La directrice générale du Centre de géomatique du Québec, Josée Dallaire, a souligné la prépondérance du côté humain dans son bilan du 20e anniversaire de l’organisme.

Les humains avant tout

Malgré qu’elle travaille dans un domaine hautement technologique, ce que la directrice générale du Centre de géomatique du Québec, Josée Dallaire, retient surtout pour les 20 ans de l’organisme, ce sont les gens qui sont passés et qui y sont toujours présents.

Un 5 à 7 se tenait mardi à l’Hôtel Chicoutimi pour souligner l’anniversaire de l’organisme parapublic à but non lucratif qui possède le statut de centre collégial de transfert de technologie.

« Je faisais un récapitulatif des 20 dernières années, et l’élément clé qui ressortait dans tout ce que je disais, c’est l’humain en arrière de ça. À quel point l’équipe et tous les gens qui sont passés au Centre de géomatique à travers le temps, c’était des gens extraordinaires qui ont marqué le centre par leur implication, dans les projets, par leurs idées nouvelles, par leur facilité de créer des liens avec d’autres chercheurs, par leur initiative, leur collaboration », a raconté Mme Dallaire, prenant un moment pour Le Progrès avant les discours officiels.

Selon une définition qui se trouve sur un site Internet de l’Université Laval, la géomatique regroupe de façon cohérente l’ensemble des connaissances et des technologies nécessaires à la production et au traitement des données numériques décrivant le territoire, ses ressources ou tout autre objet ou phénomène ayant une position géographique.
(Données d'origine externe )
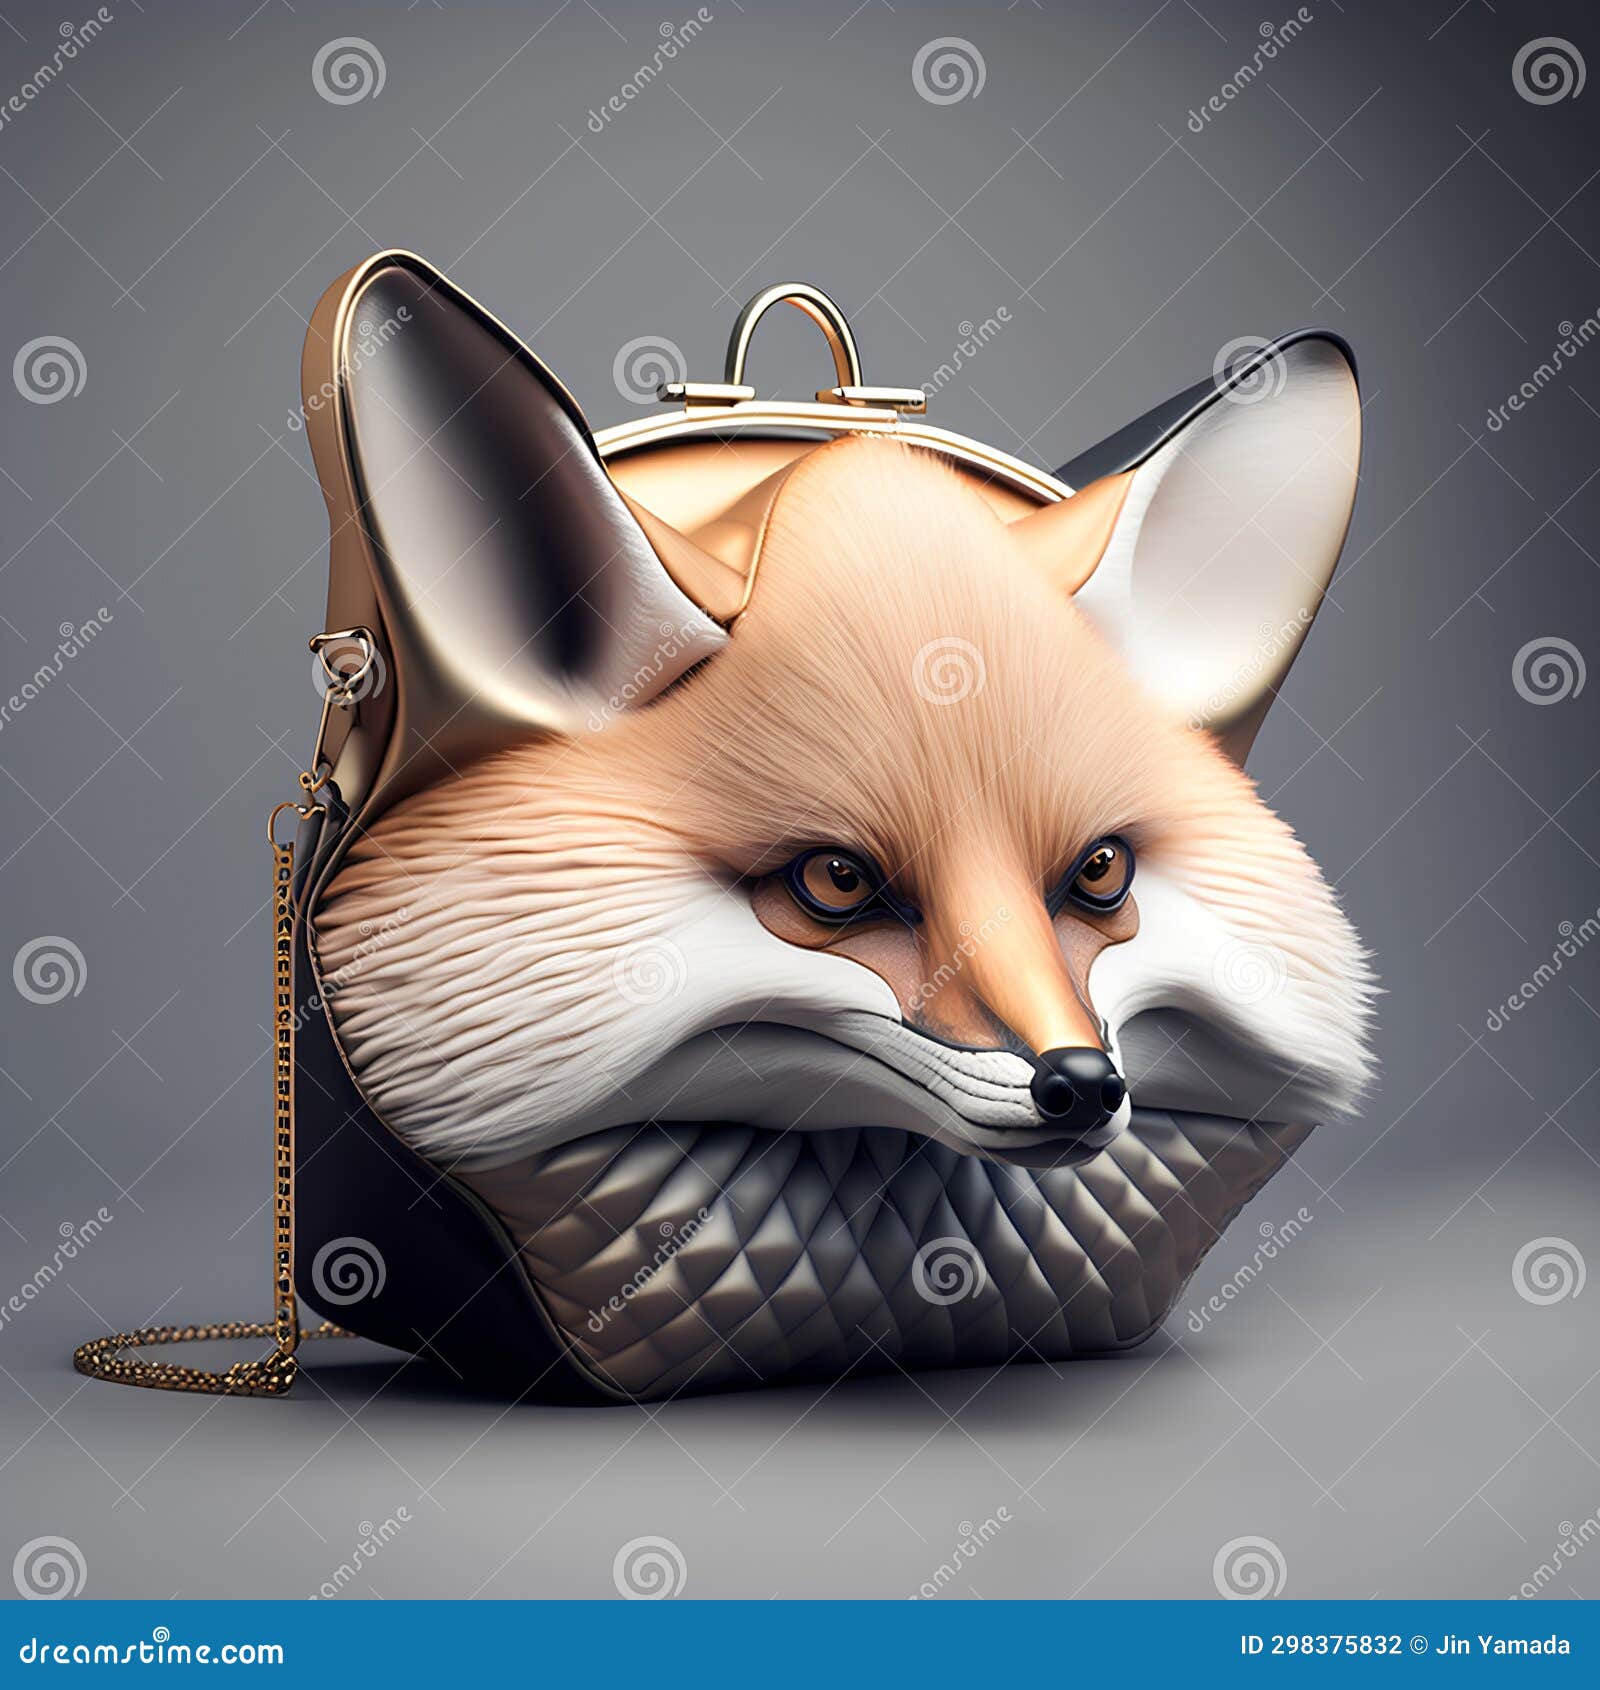 Yoshi Fox head coin purse w dust bag | eBay
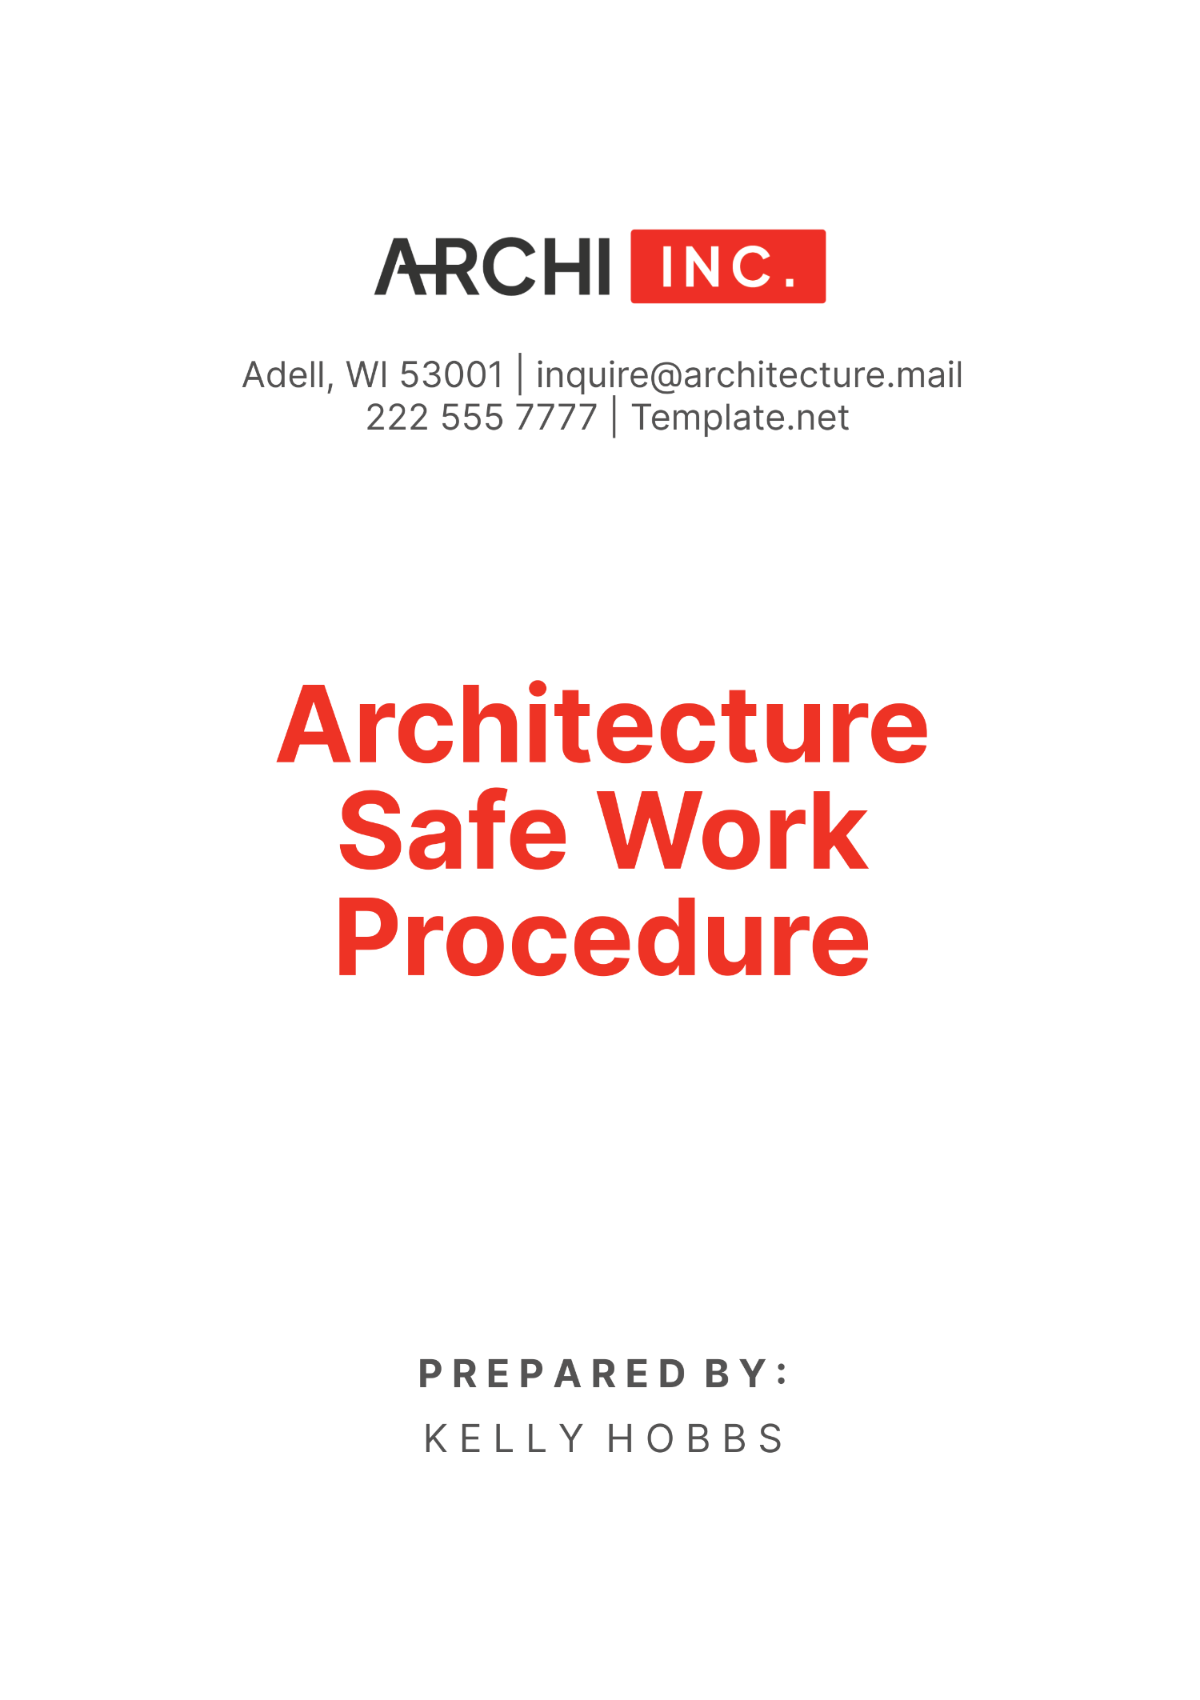 Architecture Safe Work Procedure Template

Ainsi, comme bien d’autres secteurs technologiques, la géomatique a connu un développement accéléré au cours des deux dernières décennies. « Avant, les données n’étaient pas accessibles, c’était très propriétaire avec des licences et autres. Aujourd’hui, l’Internet et Google ont beaucoup démocratisé l’information, et les villes, dans le dossier des villes intelligentes, ont embarqué là-dedans avec les gouvernements pour rendre l’information disponible. Donc, c’est plus facilement accessible. Maintenant, on travaille en valeur ajoutée sur les données plutôt que de travailler à prendre les données plusieurs fois », a poursuivi la directrice générale de l’organisme associé au Cégep de Chicoutimi.

L’arrivée des Drones

Parmi les nouvelles technologies qui ont fait leur apparition, la démocratisation des drones a joué un grand rôle. « Au fil du temps, il y a l’arrivée des drones qui a été importante pour nous. En 2005-2006, quand on a commencé à travailler avec des drones au niveau civil, c’était nouveau. C’était mal connu et il n’y avait pas d’entreprises ici. Depuis, il y a le Centre d’excellence des drones d’Alma qui est apparu. Il y a des projets qu’on fait avec eux. Et nous, on est administrateurs aussi », a-t-elle enchaîné.

Parmi les réalisations du centre, elle cite notamment une collaboration avec le Grand défi Pierre Lavoie et avec une compagnie montréalaise qui fabrique des motos électriques de luxe. « Pour les ordis qui se trouvaient dans le véhicule du Grand défi, on avait programmé un outil de gestion qui mesurait l’élasticité du peloton. On savait comment se comportait le peloton sur la route. On répertoriait aussi les dangers sur la route », s’est-elle rappelée.

Il y a aussi eu le développement du navigateur de bord des motos de la compagnie Lito Green Motion. « C’est l’outil qui permet au conducteur de savoir notamment s’il est capable de se rendre à destination », a-t-elle mentionné, à propos de ces motos à la ligne particulière, en raison de l’imposante batterie qu’elles portent.

Finalement, la directrice générale a indiqué que son organisme travaille dans une année sur une cinquantaine de projets en recherche appliquée pour des entreprises privées. Le Centre de géomatique participe également ardemment à la mise sur pied du Hub Saguenay–Lac-Saint-Jean.